Failure Handling: If no patterns fit cleanly, document rationale for concrete implementation. Abstraction may not be warranted yet.

---

Phase 5: Validation and Handoff

Purpose: Validate abstraction choices and route to appropriate agents for review.

Steps:

1. Run validation script:

   python3 .claude/skills/cva-analysis/scripts/validate-cva-matrix.py cva-matrix.md
   

   • Checks: ≥2 rows, ≥2 columns, all cells filled, patterns suggested
   • Exit code 0 = pass, 10 = validation failure, 1 = error

2. Route to decision-critic (if abstraction recommended):

   # Use decision-critic skill to validate abstraction choice
   /decision-critic "Validate Abstract Factory pattern for payment processing per CVA analysis"
   

3. Route to architect agent (for ADR creation):

   # Hand off ADR stub to architect agent
   Task(subagent_type="architect", prompt="Create ADR from CVA analysis stub")
   

4. Document reassessment triggers:

   ## Reassessment Triggers
   
   Re-run CVA when:
   - 3+ new payment methods added
   - Major architectural shift (e.g., microservices split)
   - Performance issues with current abstraction
   - Team feedback: abstraction is too complex or not pulling weight
   

Outputs:

• Validation report (pass/fail with specific issues)
• Handoff to decision-critic and/or architect agent
• Reassessment triggers documented

Verification:

• Validation script exits with code 0
• Decision-critic review completed (if abstraction recommended)
• Reassessment triggers are specific, not vague

Failure Handling: If validation fails, return to earlier phase based on issue:

• Missing commonalities → Phase 1
• Incomplete matrix → Phase 3
• Pattern mismatch → Phase 4

---

Anti-Patterns

Anti-Pattern	Why Bad	Example	Instead
Pattern-First Design	Violates CVA principle: patterns emerge, not imposed.

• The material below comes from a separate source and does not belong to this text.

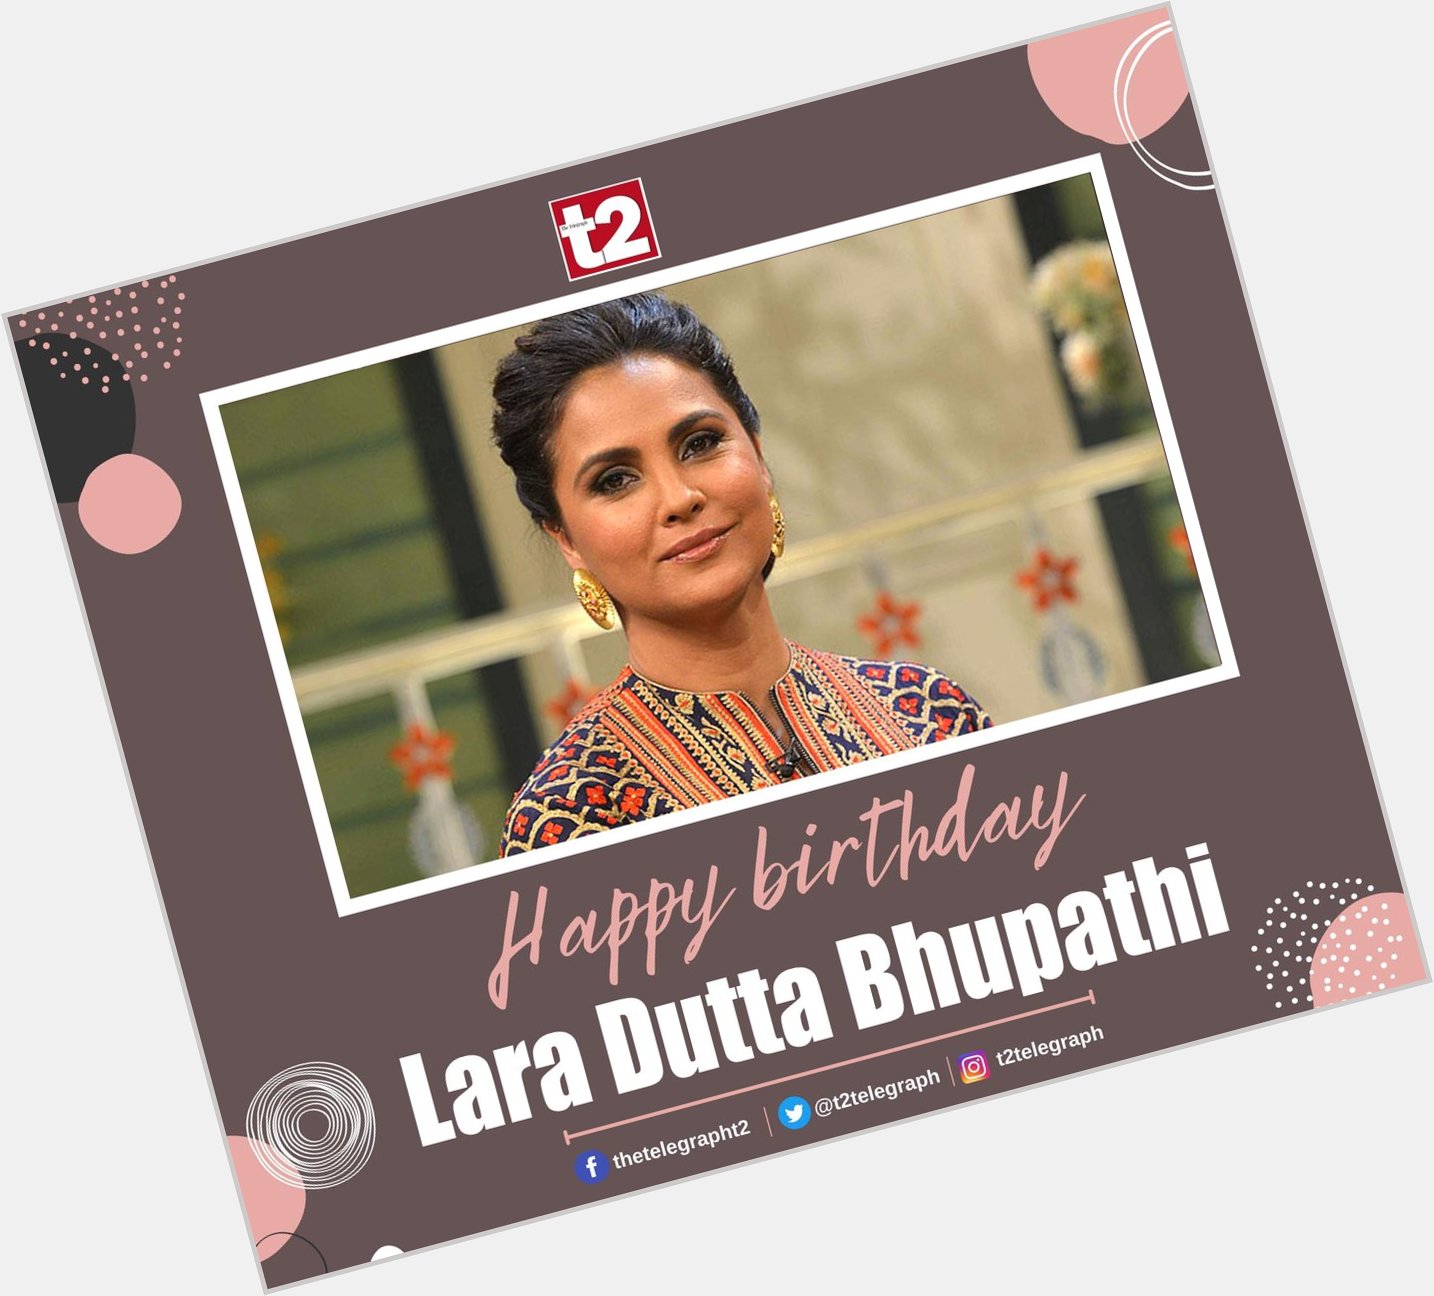 T2 wishes the gorgeous and graceful Lara Dutta Bhupathi a very happy birthday

Leads to wrong abstractions.	Decide "we need Strategy pattern" BEFORE running CVA	Run CVA first. Let matrix reveal pattern. If no pattern emerges, abstraction may not be needed.
Forcing Abstractions	Creates complexity without benefit. Worse than no abstraction per CLAUDE.md.	CVA shows no variability, but create Strategy anyway "for future"	When CVA shows no variability, explicitly document decision NOT to abstract. Revisit when variability emerges.
Skipping Matrix Visualization	Loses pedagogical and collaborative benefits. Matrix makes assumptions explicit.	Identify commonalities/variabilities mentally, skip matrix, jump to pattern	Always create visual matrix (Markdown table minimum). Use for team review, ADR rationale.
Analysis Paralysis	CVA is a tool, not an end. Over-analysis wastes time.	Spend 3 hours on CVA for 2 simple use cases	Use tiered approach: Quick (15 min) for simple, Standard (30 min) moderate, Deep (60 min) architectural. Set timer.
Ignoring Temporal Dimension	Today's constant may be tomorrow's variable.	CVA assumes "currency" constant (USD only). 6 months later, need multi-currency.	Include "Future Variations" column for anticipated changes. Balance YAGNI with known roadmap.
Using CVA for Single Use Case	CVA requires 2+ cases to identify commonality/variability.	Run CVA on payment before any other transaction exists	Wait for 2nd use case (YAGNI), OR document anticipated cases with stakeholder validation.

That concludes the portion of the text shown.